# You cheated, I'm going to date your mom



## Dogbert (Jan 10, 2015)

As a former BH I KNOW the gut wrenching pain cheating causes, but I also know the life saving healing power of humor. I hope you enjoy *this video*


----------



## MattMatt (May 19, 2012)

Interestingly the WS followed the cheater's script.


----------



## vellocet (Oct 18, 2013)

:rofl: LMAO at the scene at 2:58.


----------



## lordmayhem (Feb 7, 2011)

I saw this particular video years ago right after my own DDay. And Mom is playing right along with it for the sex.


----------



## Dogbert (Jan 10, 2015)

Who knows? Maybe the old lady may be a better lay than the daughter.


----------



## pidge70 (Jan 17, 2011)

LMFAO! :rofl:


----------



## Healer (Jun 5, 2013)

Lol. The guy playing the ex boyfriend is hilarious.


----------



## Graywolf2 (Nov 10, 2013)

I liked that he was so* not *upset at being dumped that he ate food off his ex-girlfriend’s plate right after being told. No loss of appetite.


----------



## Mr. Nail (Apr 26, 2011)

My favorite line was "now I know what I need to do". A lot of daters should know what they need to do when the breakup hits. Most don't.
MN


----------



## bfree (Sep 30, 2012)

I've seen that before. I love it!


----------



## Q tip (Apr 15, 2014)

It's always about sex... Why?


----------



## MattMatt (May 19, 2012)

The actress playing the part of the mother was hot.

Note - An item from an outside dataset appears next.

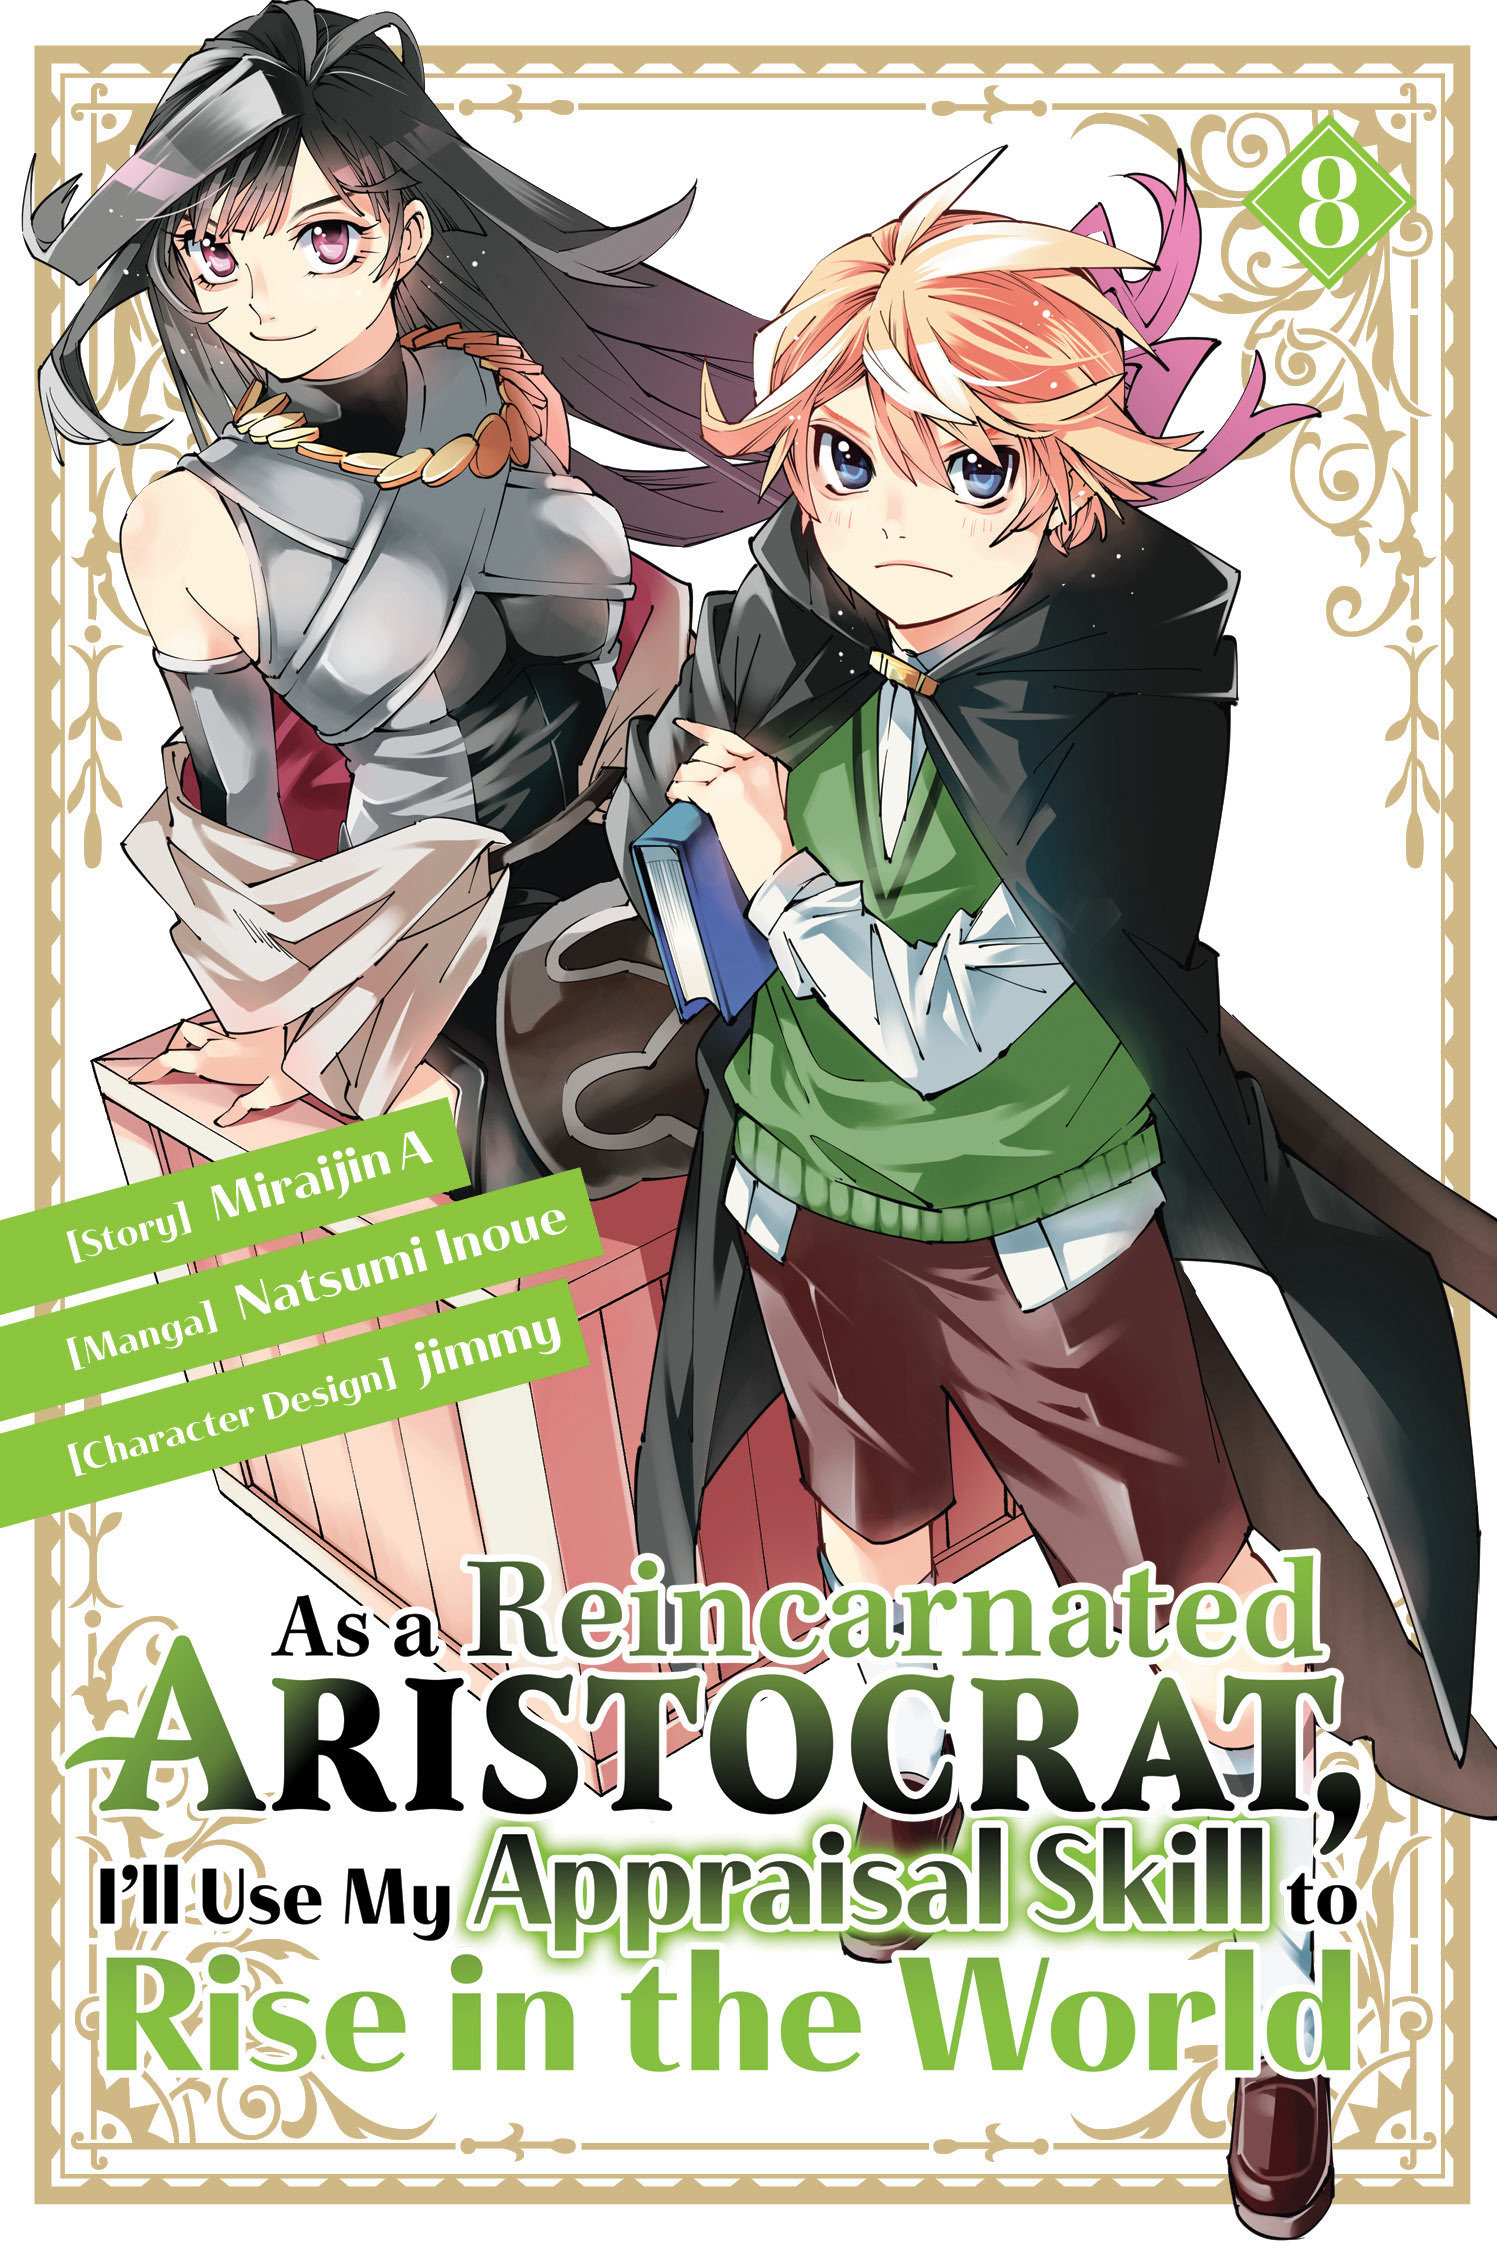 As a Reincarnated Aristocrat, I'll Use My Appraisal Skill to Rise in the World Manga Volume 8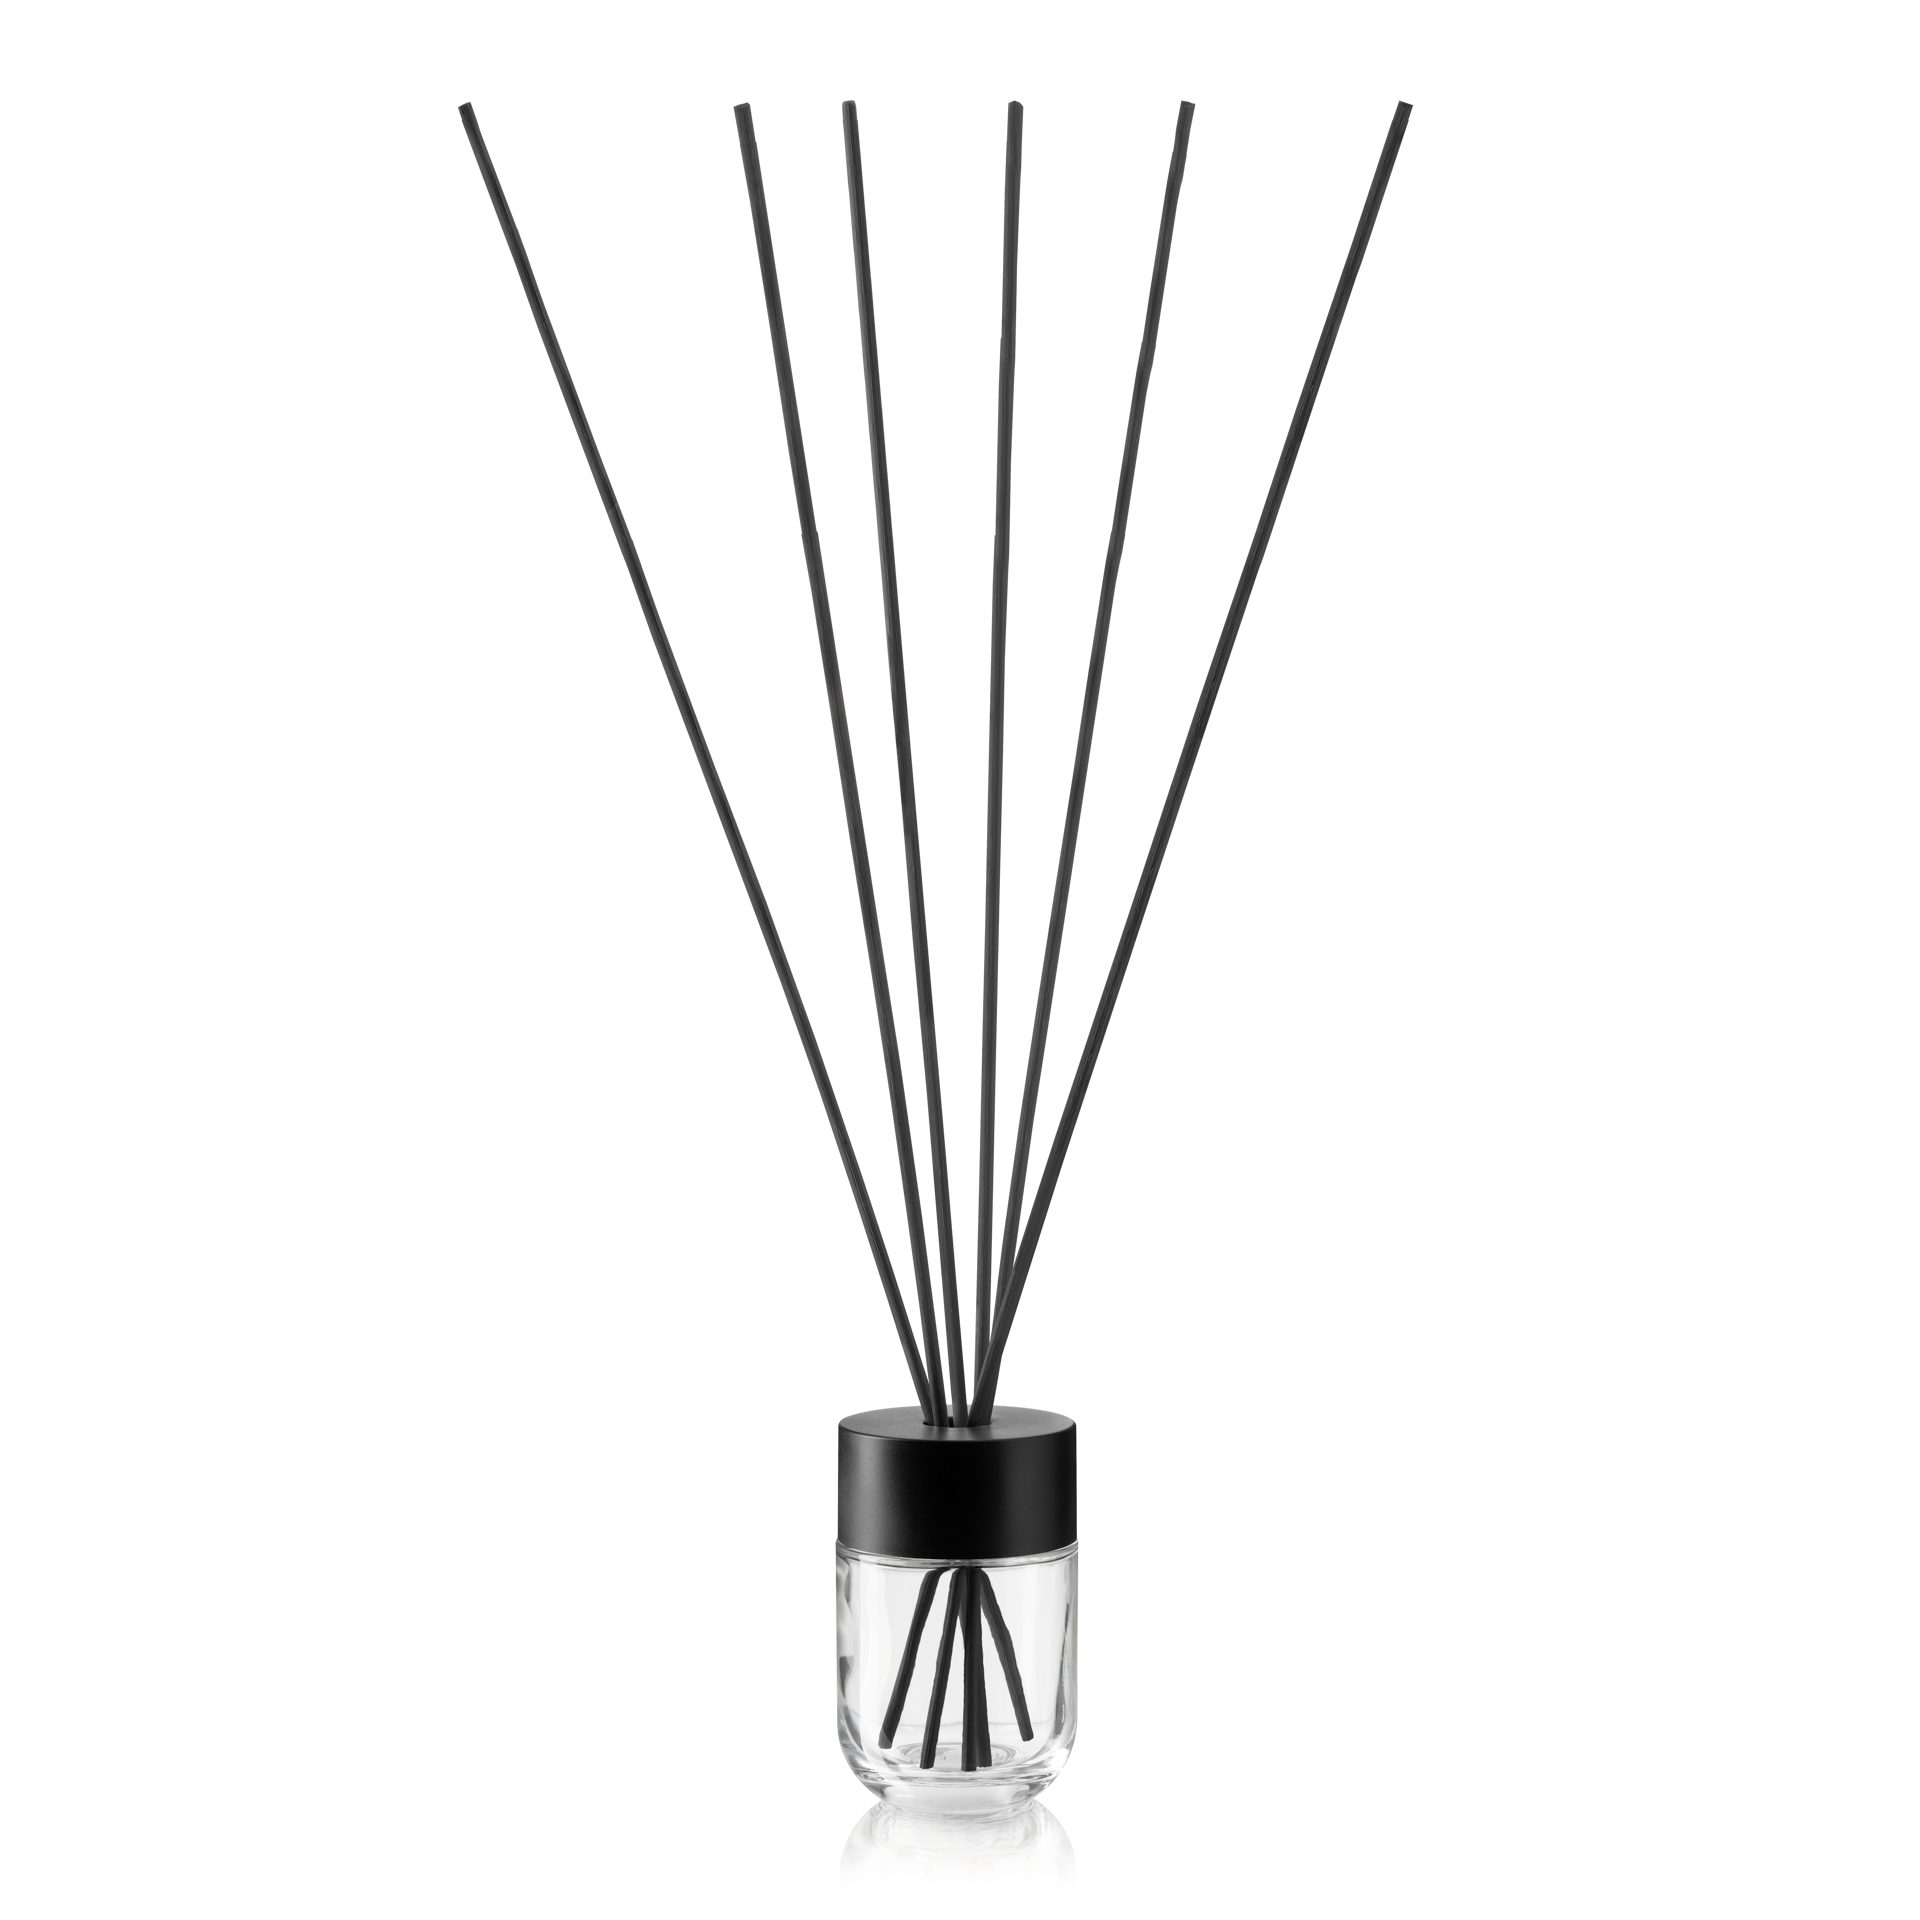 Diffuser sticks, rattan, black matte Type B, 3.5mm thick, 400mm, packed in bundles of 6 pieces

Oh, damn. She's probably close to my age! Now I feel old!


----------



## larry.gray (Feb 21, 2011)

He doesn't say "date" in the video!

I loved it. The mailbox but was awesome.


----------



## Dogbert (Jan 10, 2015)

larry.gray said:


> He doesn't say "date" in the video!


Yeah but it kept the mods happy.


----------



## wmn1 (Aug 27, 2014)

Dogbert said:


> As a former BH I KNOW the gut wrenching pain cheating causes, but I also know the life saving healing power of humor. I hope you enjoy *this video*


I saw this years ago and it still cracks me up, especially the mailbox scene and the scene at 2:58


----------



## MattMatt (May 19, 2012)

wmn1 said:


> I saw this years ago and it still cracks me up, especially the mailbox scene and the scene at 2:58


I hope the mailbox was protected. 
_Posted via Mobile Device_


----------



## Wolf1974 (Feb 19, 2014)

Epic!!


----------